General

Overview
- Status: Discontinued
- Locale: Mid-West/Mid-Atlantic States
- First service: 1937
- Last service: December 12, 1967
- Successor: Broadway Limited
- Former operator(s): Pennsylvania Railroad (1937–1967)

Route
- Termini: New York City and Washington, D.C. Chicago
- Distance travelled: 907.7 miles (1,460.8 km) (New York-Chicago)
- Service frequency: Daily
- Train number(s): 48 (Chicago to New York) 49 (New York to Chicago)

On-board services
- Seating arrangements: Reclining seat coach (1957)
- Sleeping arrangements: Roomettes, duplex rooms, double bedrooms
- Catering facilities: Dining car
- Observation facilities: Observation lounge coach

= General (train) =

The General (train numbers 48 and 49) was the Pennsylvania Railroad's (PRR) number two train between New York City and Chicago.

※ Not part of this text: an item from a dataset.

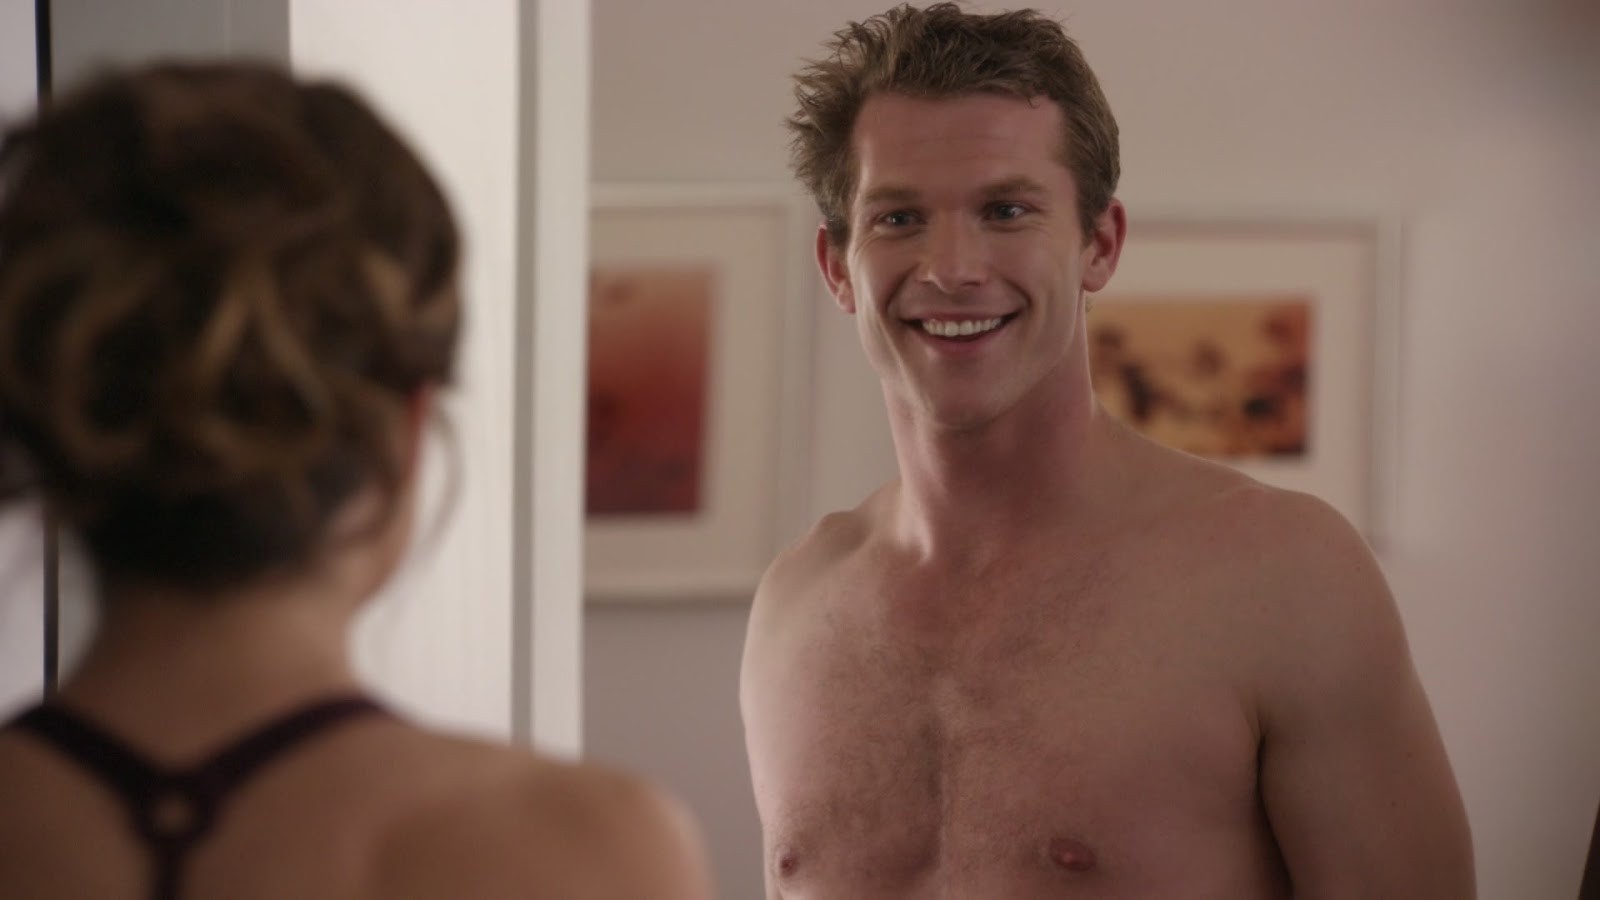 Chad Connell in "Being Erica" Ep. 
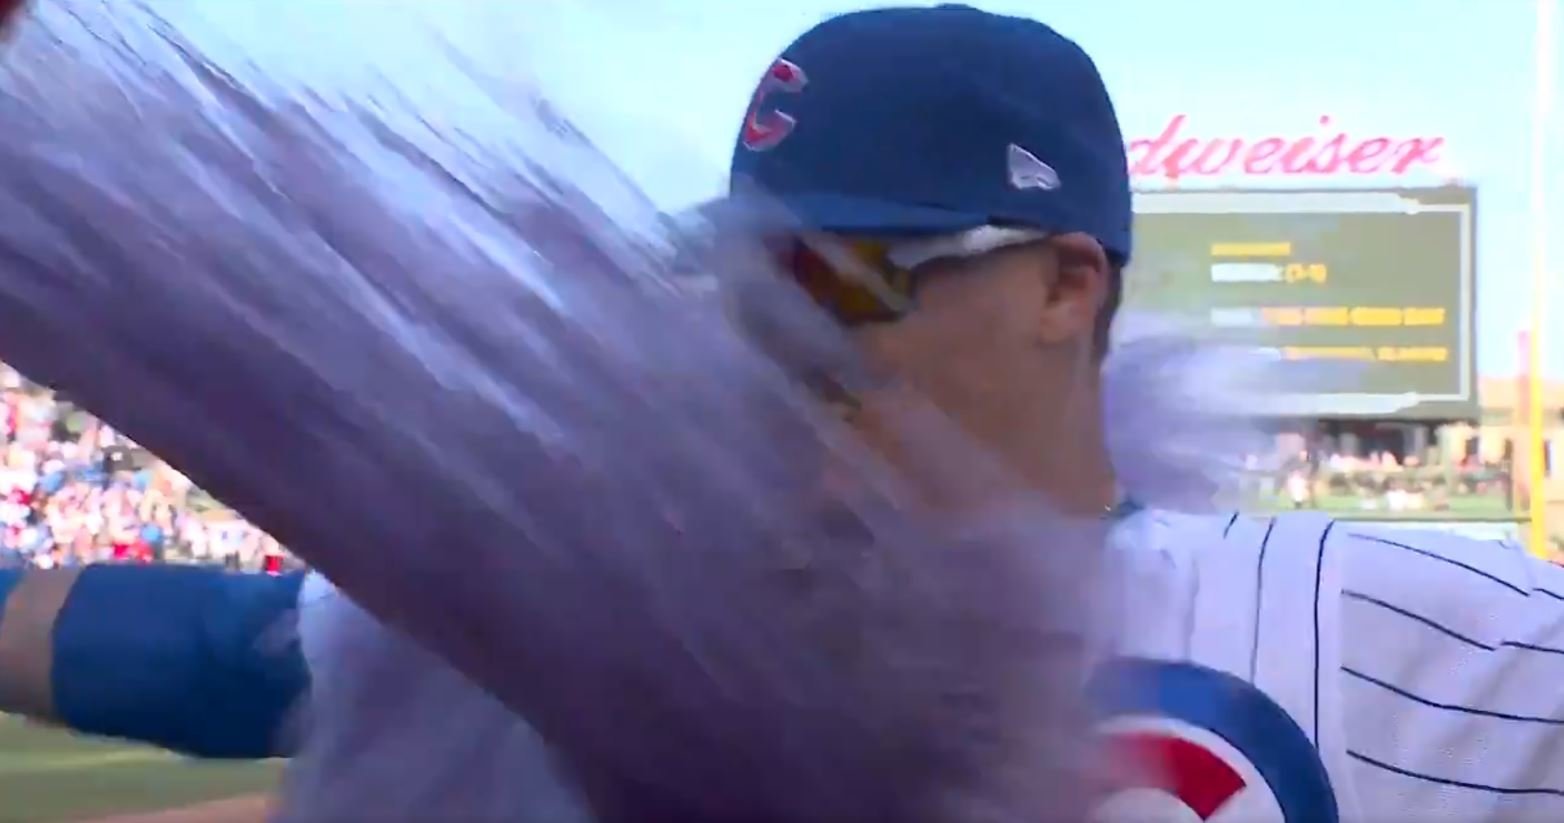 Chicago Cubs shortstop Javier Baez received a Gatorade bath after hitting a game-winning home run on Saturday.

Only marginally slower than the Broadway Limited, it had no extra fare. For a time before World War II, the train carried more passengers than the Broadway Limited and taking the passengers away from the New York Central Railroad's 20th Century Limited.

The General was inaugurated in 1937, and carried coaches and Pullmans. It received some new lightweight equipment in 1938 as part of the fleet of modernism, but it was mostly heavyweight until 1940. It was the only "Fleet of Modernism" train to be streamlined without an observation car. It lost its coaches but still had a passenger-baggage car attached to its consist when the Advance General was inaugurated in 1940. The General became an All-Pullman train in April 1942. It was re-equipped with lightweight sleeping cars from both the pre-war Broadway, and new cars from post-war orders in 1948. At this time, it also carried the Broadway's pre-war View series observation cars. In 1951 the General lost its all-Pullman status when it was combined with the all-coach Trail Blazer for non-peak travel periods only. In 1952 this consolidation became permanent, and by 1960, the Trail Blazer name was dropped.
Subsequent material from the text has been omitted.